I feel this in me, all the time. I want to contribute in a good way. I want to solve problems. I want to fix flawed systems. And mostly, that results in a feeling of frustration, confusion and growing inertia (it’s pretty hard to find an easy solve for intractable problems. And as Carmen Spagnola, the collapse teacher, says, we are living in a time of predicaments, not problems. Anything with easy fixes has probably been fixed. What we’re left with now are predicaments that require weighing up a bunch of not-so-ideal paths and muddling through.)

So, I come back to a few things that feel a bit passive and wet, to my Marvel-movie-hero-orientation-soaked brain… but I think are probably more helpful orientations.

We start with naming and acknowledgement. Name the things we see. As non-judgmentally and generously as possible, so there is space for people to move around those new ways of seeing things.

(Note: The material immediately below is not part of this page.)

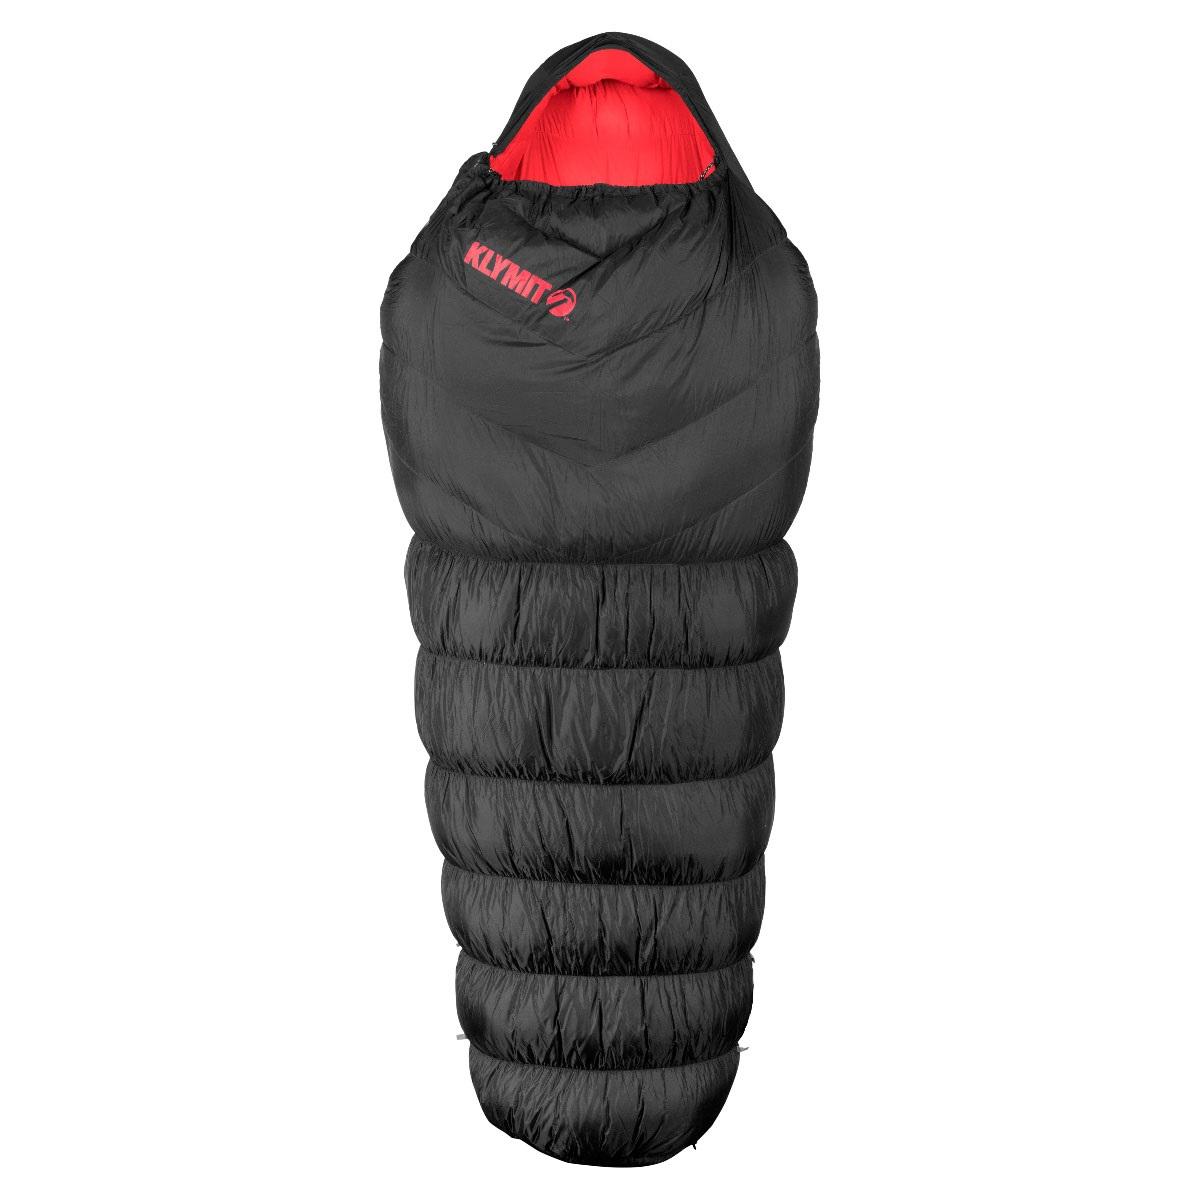 Спальный мешок Klymit KSB 0˚, черно-красный (13KZBK01D)

Name in a way that doesn’t feel like a leg trap. And acknowledge.

Then ask, what do I want to strengthen? What do I want to move towards? I think this idea of orienting towards what we want to be, or finding the positive goal, in the negative situation, is really powerful.

My teacher of ancestral medicine Daniel Foor talks about this – instead of being against racism, be for diversity. He says, “So if you’re going to talk about colonialism, for example, what’s the thing that isn’t colonialism? You could say decolonizing, but that’s like saying anti-racist. That’s like saying don’t be sexist. Those are important things to say, but what are we affirming in the place of those things? For example, and this is not definitive, a way of affirming the positive with respect to racism might be a proactive celebration of ancestral diversity, rather than an illusion of different races and a value judgment based on those imagined differences.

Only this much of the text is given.